Что же это получается? – прямо азартное рыцарское соревнование времен феодализма за переходящее знамя, ой, извините, заветную подвязку Прекрасной Дамы с надписью L’amour infini («Бесконечная любовь», фр.). Бесконечная – значит, видимо, только для тех, кто не ведет счет времени, или, во всяком случае, находится с ним в особых отношениях. Как, например, этот необычный персонаж: «Инженер без карманных часов! Он не был небрежен или рассеян. Наоборот, Маргулиес был точен, аккуратен, хорошо организован, имел прекрасную память. И все же у него никогда не было карманных часов. Они у него как-то „не держались“… Он узнавал время по множеству мельчайших признаков, рассеянных вокруг него в этом громадном движущемся мире новостройки. Время не было для него понятием отвлеченным. Время было числом оборотов барабана и шкива; подъемом ковша; концом или началом смены; прочностью бетона; свистком механизма, открывающейся дверью столовой; сосредоточенным лбом хронометражистки…» [Катаев 1983, с. 427].
Герой, который ради достижения совершенства в своем строительном деле, ради перекрытия феноменального рекорда харьковских бетонщиков (306 замесов в смену) готов на полную концентрацию сил и мобилизацию профессиональных навыков: «Моргулиес был неузнаваем. Куда делись его вялость, нерешительность, шепелявость! Он был сдержанно весел, легок и точен в движениях, общителен. Совсем другой человек. Он хлопнул себя по карману, вытащил исписанные карандашом листки и разложил их на лавке. – Ну-с, дорогие товарищи. Десять минут внимания. Мотайте на ус. Небольшая статейка, называется „Ускорить изготовление и дать высокое качество бетона“. Из номера от сегодняшнего числа газеты „За индустриализацию“» [Там же, с. 378 – 379].
Как и прославленный идальго, инженер участка номер шесть Магнитостроя ради благой цели не боится действовать вопреки традиции, преодолевая вязкие коллоидные смеси обыденности и равнодушия: «Налбандов желчно смотрел поверх плотины вдоль озера. Здесь все напоминало ему о Маргулиесе. Плотину строил Маргулиес. Это он рискнул в сорокаградусные морозы применить кладку подогретого бетона. Тогда Налбандов считал, что это технически недопустимо. Это шло вразрез с академическими традициями бетонной кладки. Маргулиес осмелился опрокинуть эти традиции. Налбандов ссылался на науку. Маргулиес утверждал, что науку надо рассматривать диалектически» [Там же, с. 396 – 397].
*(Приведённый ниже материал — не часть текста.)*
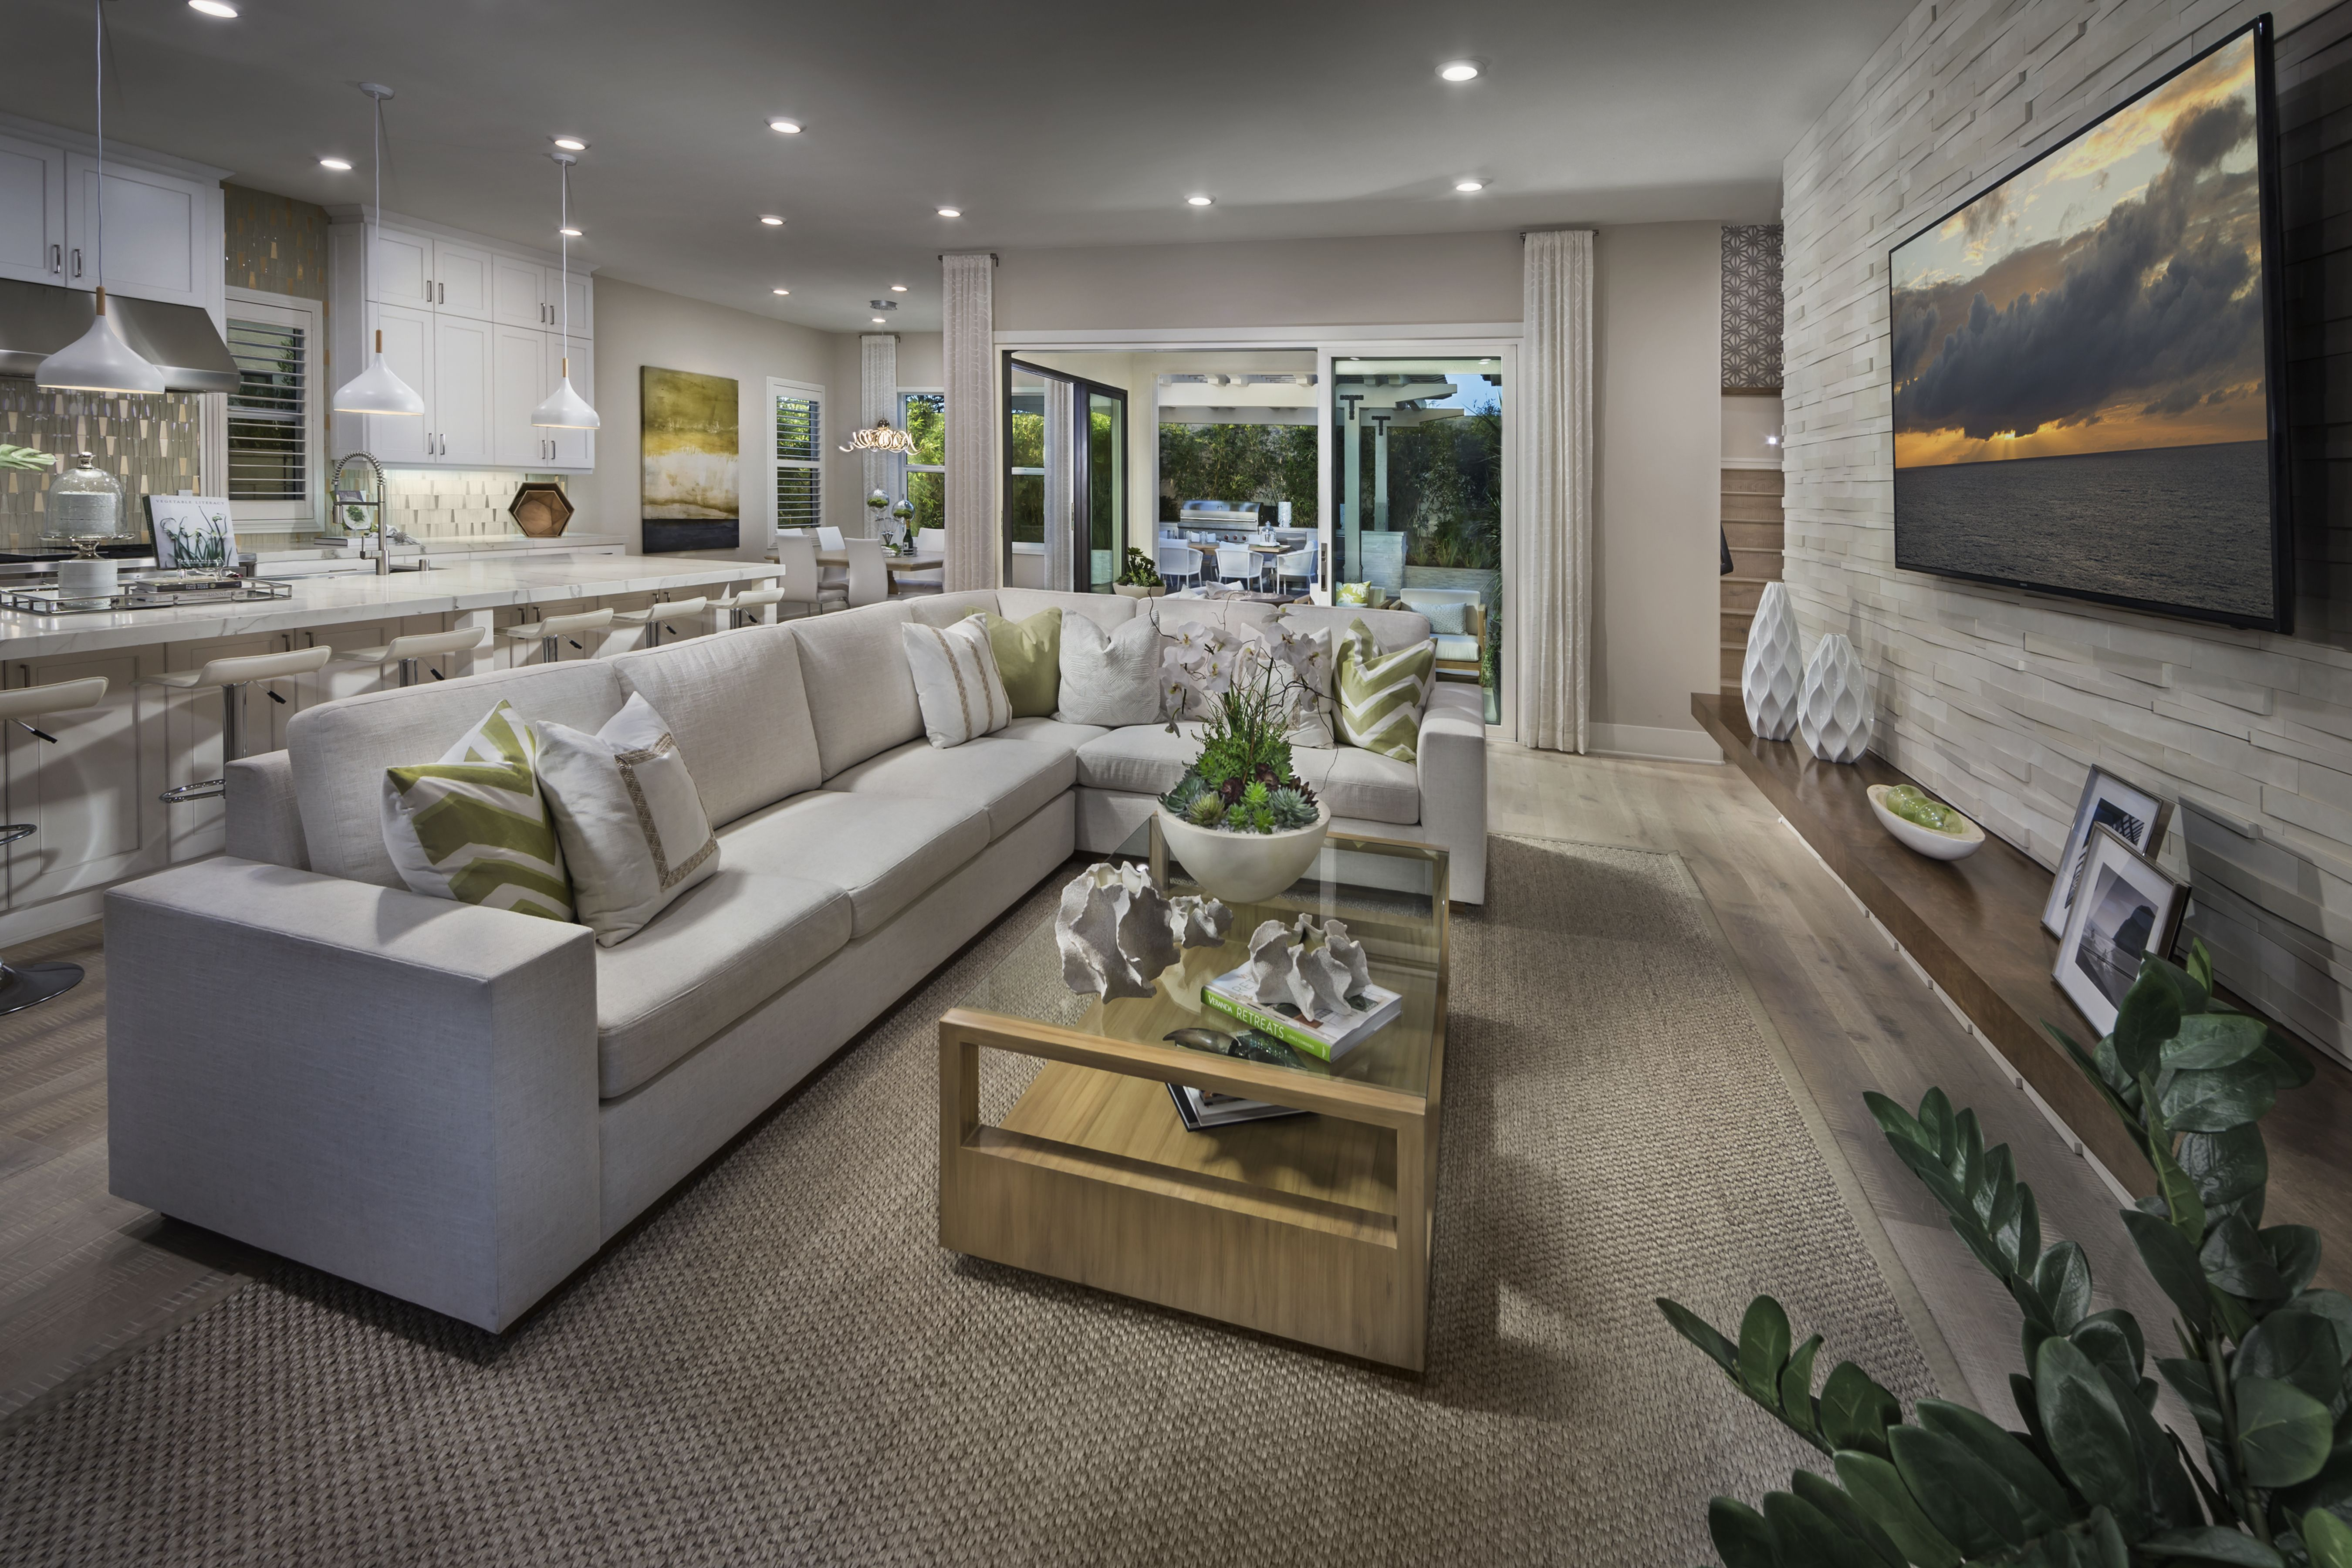 Living Room Decor New Home Communities New Homes Home

А недюжинная, взрывная энергия мечты? Разве не из нее Дон Кихот черпал свои силы для многочисленных рыцарских подвигов? Маргулиес, говоря о составляющих быстроты строительства, называет эту энергию другим словом, но без нее никак не оторваться от земной тверди: «Маргулиес сдержанно провел по бумаге острием карандаша тонкую прямую черту. – Она складывается из рационализации процесса подвоза инертных материалов – раз, из правильной расстановки людей – два, и, наконец, из… – Ему очень трудно было произнести это слово, но все же он произнес без паузы: – и, наконец, из энтузиазма бригады. – Он произнес это слишком патетическое и газетное слово „энтузиазм“ с такой серьезной и деловой простотой, как если бы он говорил об улучшении питания или о переводе на сдельщину» [Там же, с. 442 – 443].
У инженера Маргулиеса особые взаимоотношения со временем, у автора «Время, вперед!» – с силами стихии, преображенные писателем в зримые, впечатляющие метафоры. Это и сильнейший ветер, рождающий степные бураны: «Четыре ветра – западный, южный, восточный и северный – соединялись снаружи с тем, чтобы воевать с человеком. Они подымали чудовищные пылевые бураны. Косые башни смерчей неслись, закрывая солнце. Они были густые и рыжие, будто свалянные из верблюжьей шерсти. Копоть затмения крыла землю. Вихрь сталкивал автомашины с поездами, срывал палатки, слепил, жег, шатал опалубки и стальные конструкции» [Там же, с. 245].